DATASET SECTION
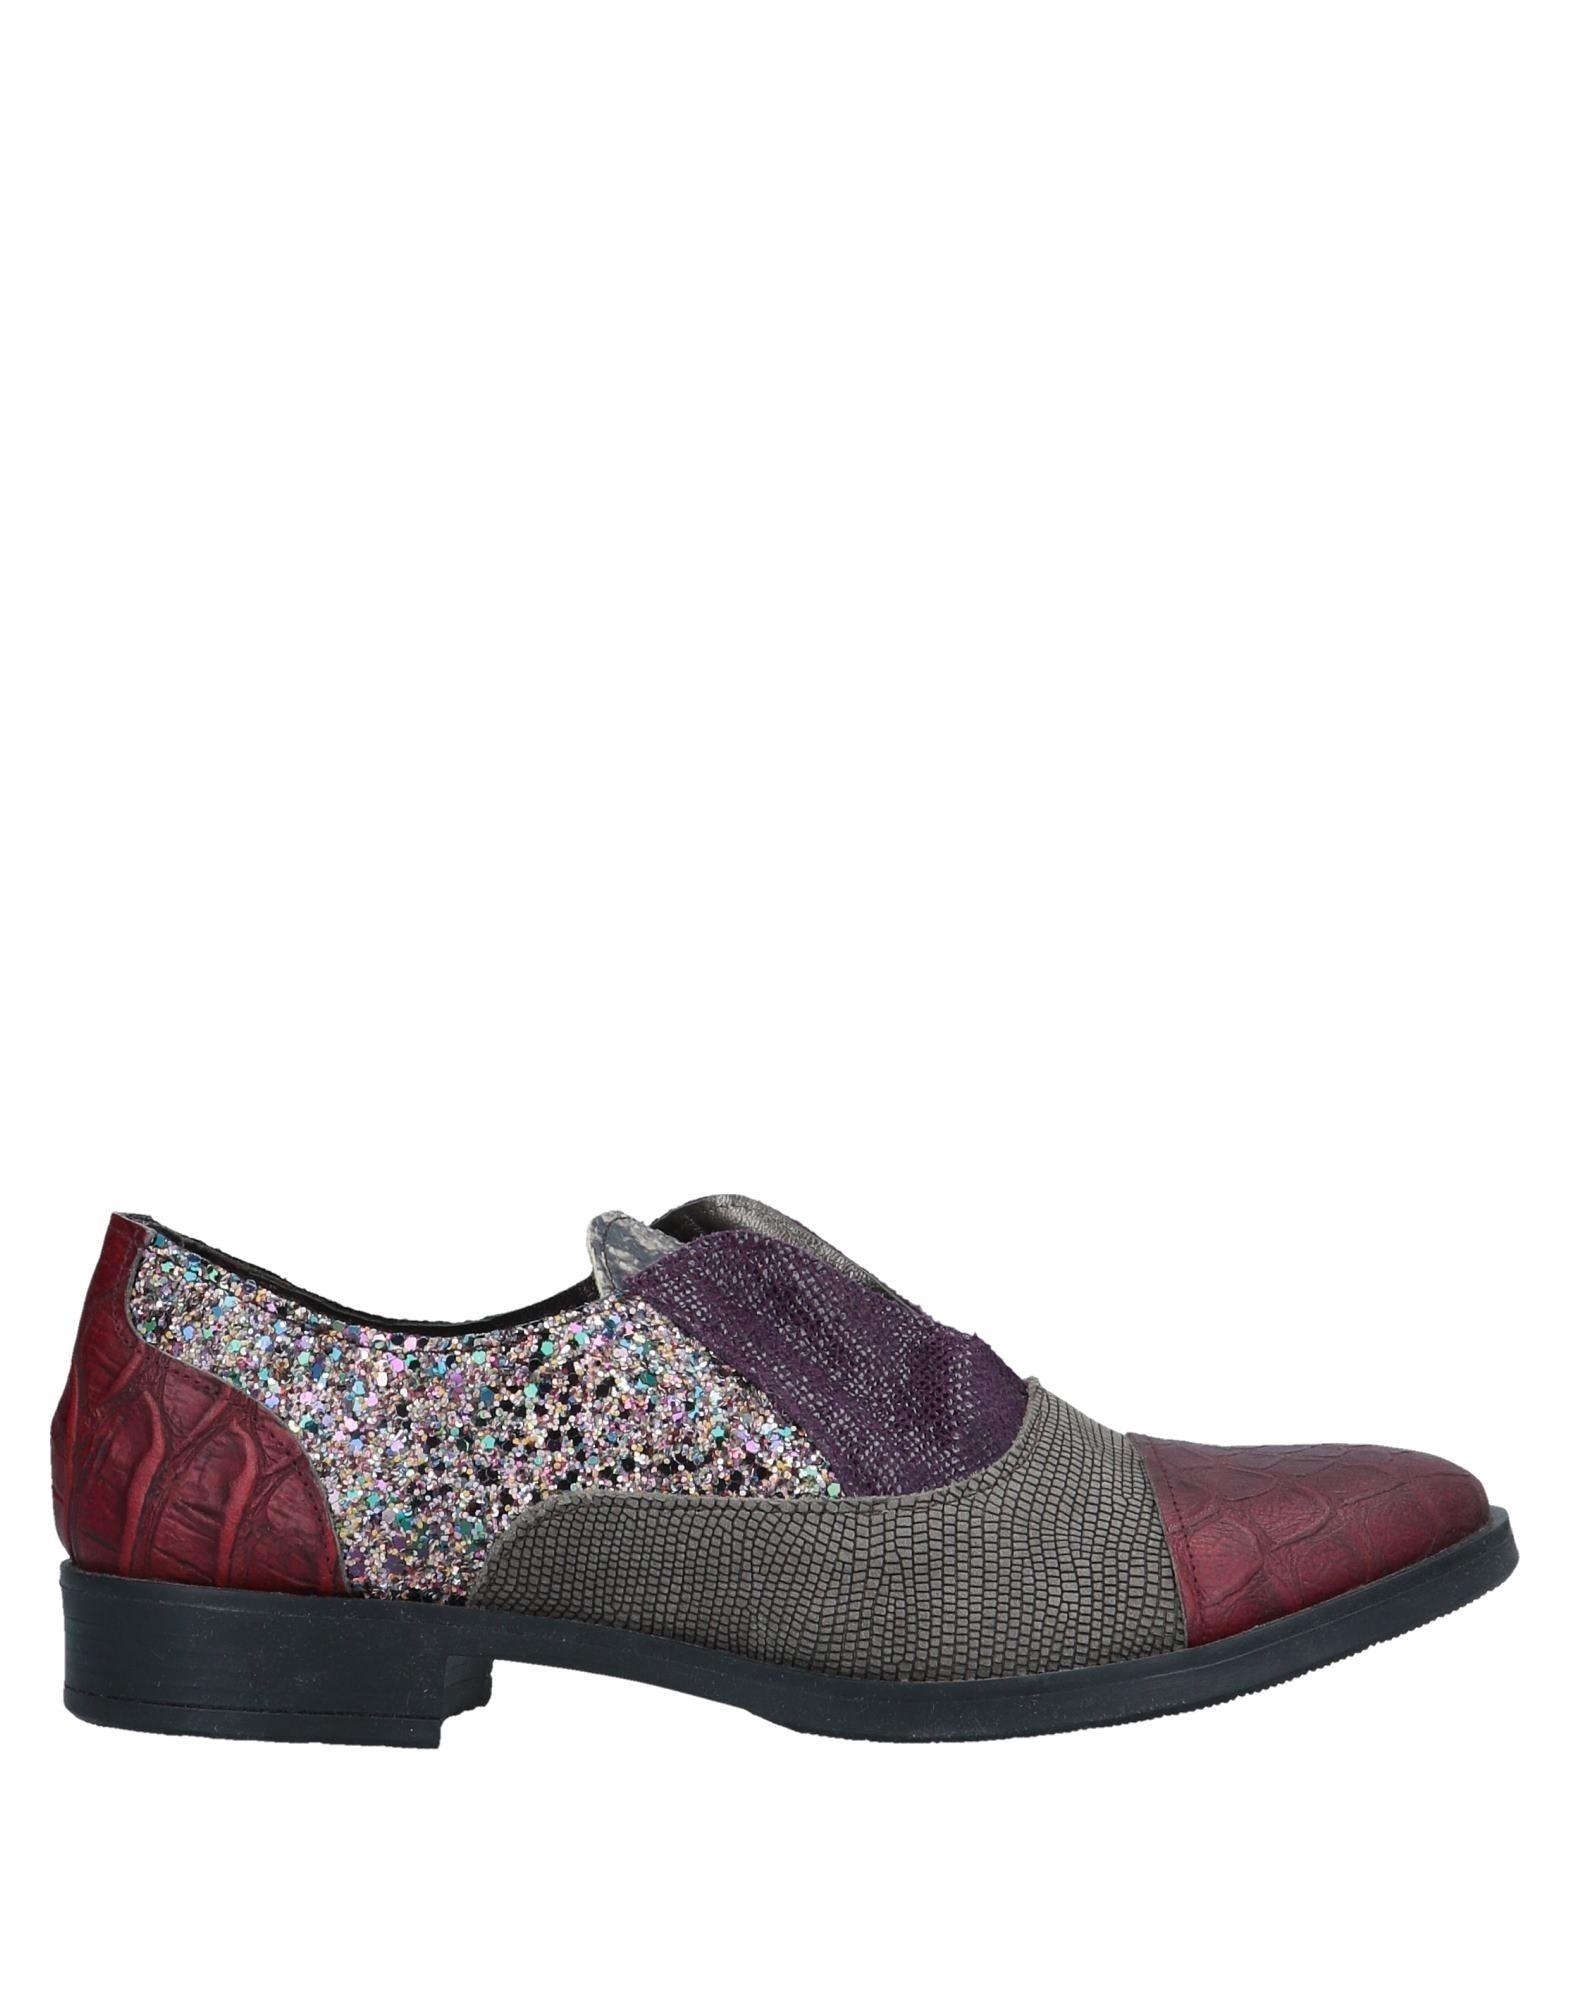 Ebarrito Mokassins Damen  Schuhe 11554629CE Gute Qualität beliebte Schuhe  ce55cc
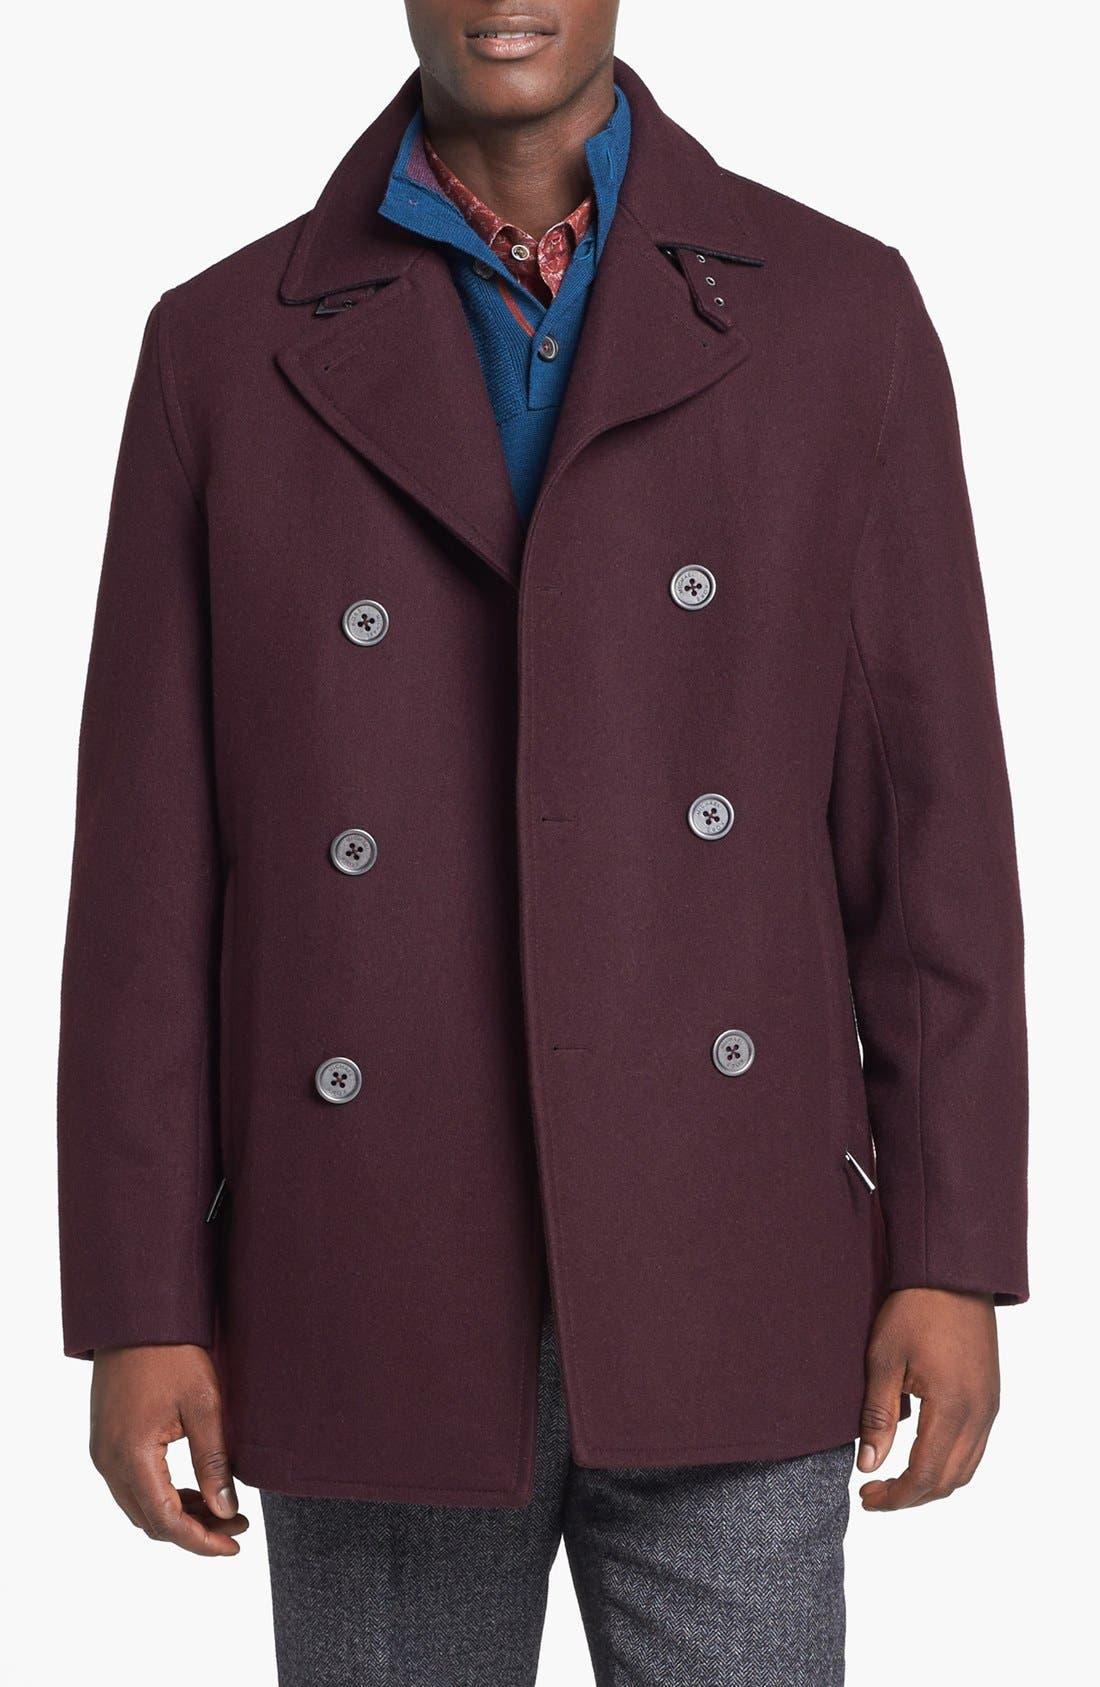 Main Image - Michael Kors 'San Diego' Wool Blend Peacoat (Online Exclusive)
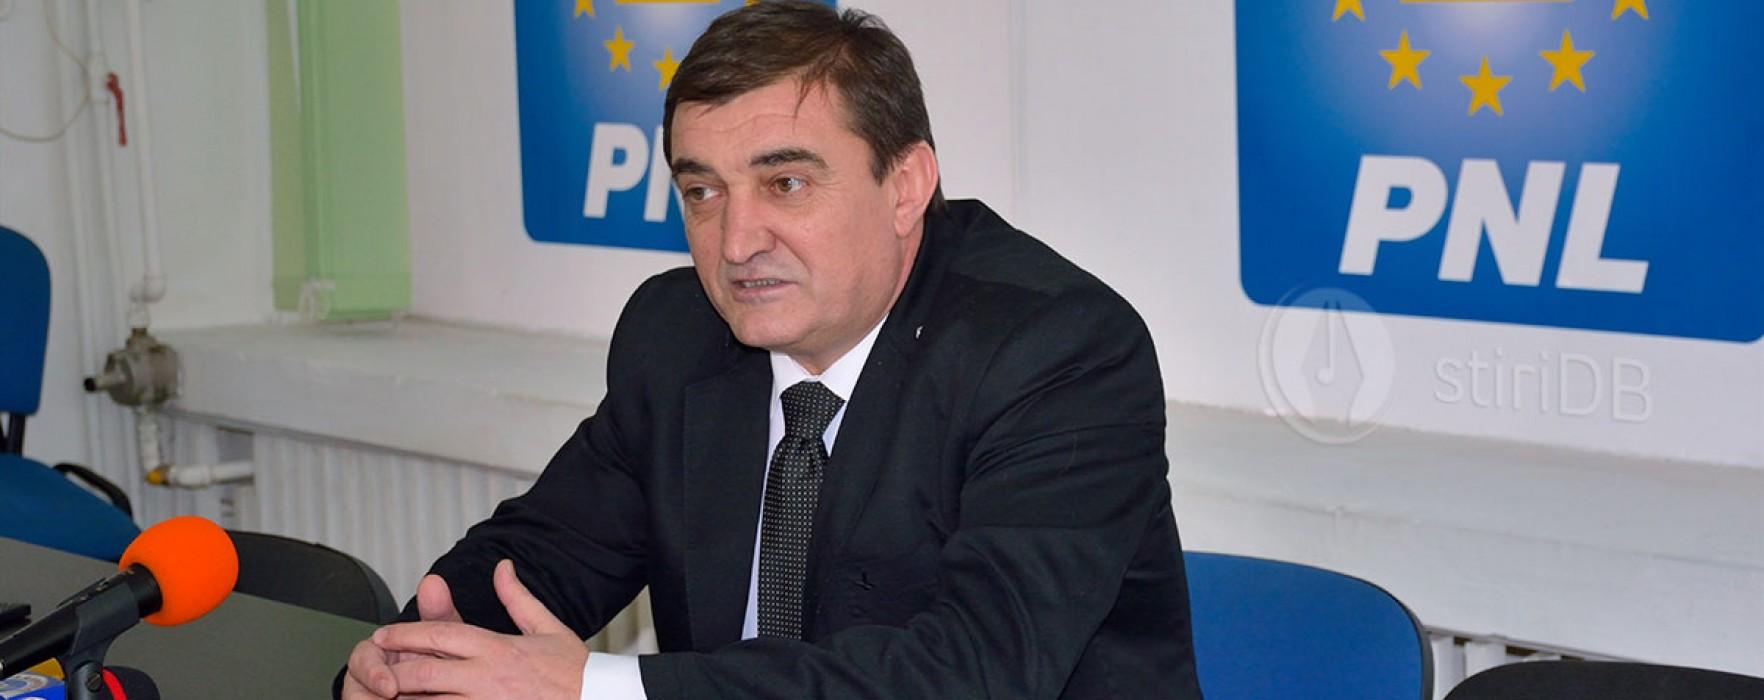 Iulian Vladu: Anul 2016 va fi anul PNL în judeţul Dâmboviţa
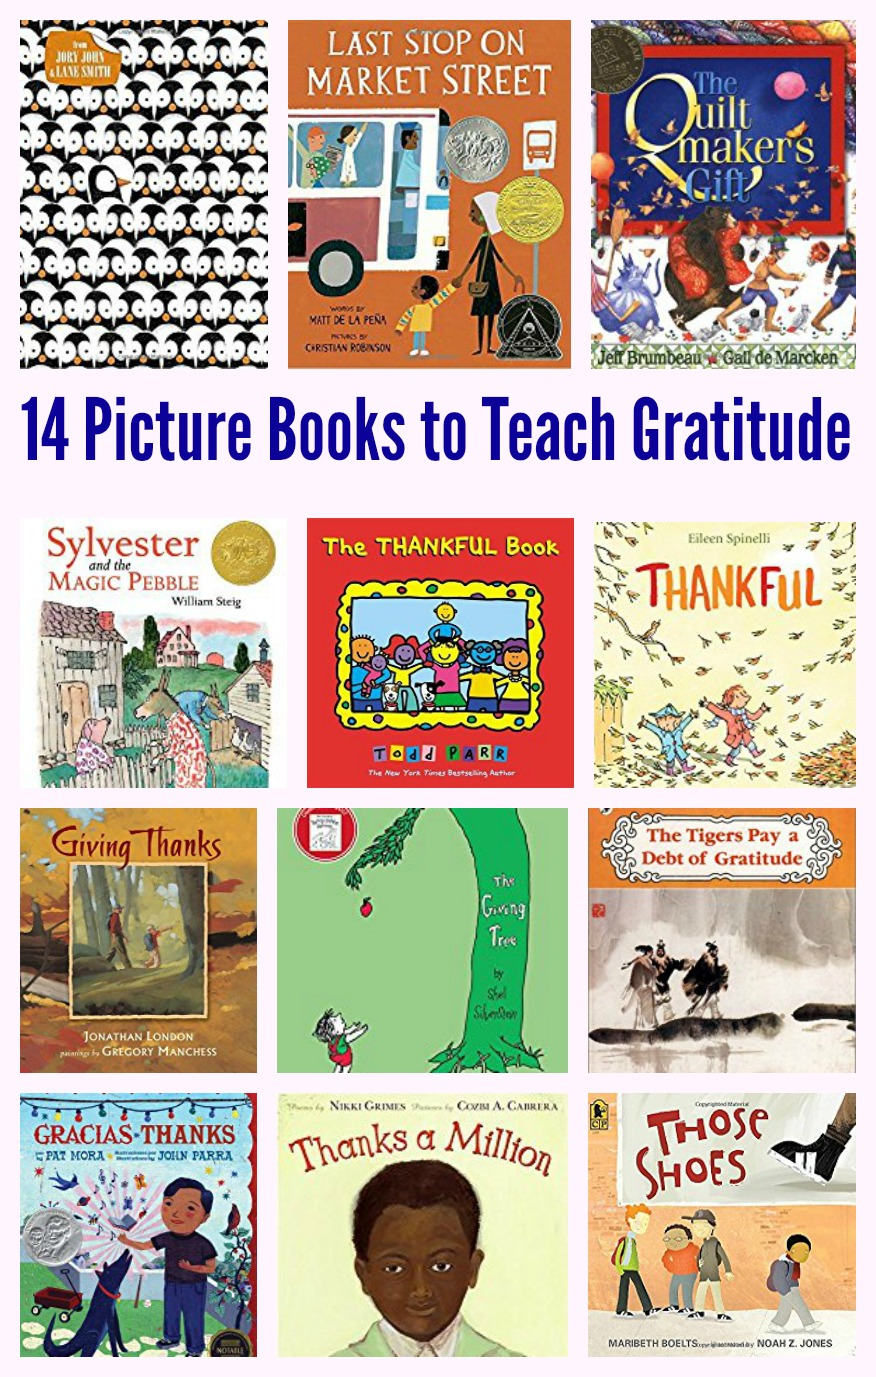 14 Picture Books to Teach Gratitude

INSTRUCTIONS TO FOLLOW
Quote all the lines above exactly as given. Do not include the pictures.

YOUR SOLUTION
 Ebarrito Mokassins Damen  Schuhe 11554629CE Gute Qualität beliebte Schuhe  ce55cc
 Main Image - Michael Kors 'San Diego' Wool Blend Peacoat (Online Exclusive)
 Iulian Vladu: Anul 2016 va fi anul PNL în judeţul Dâmboviţa
 14 Picture Books to Teach Gratitude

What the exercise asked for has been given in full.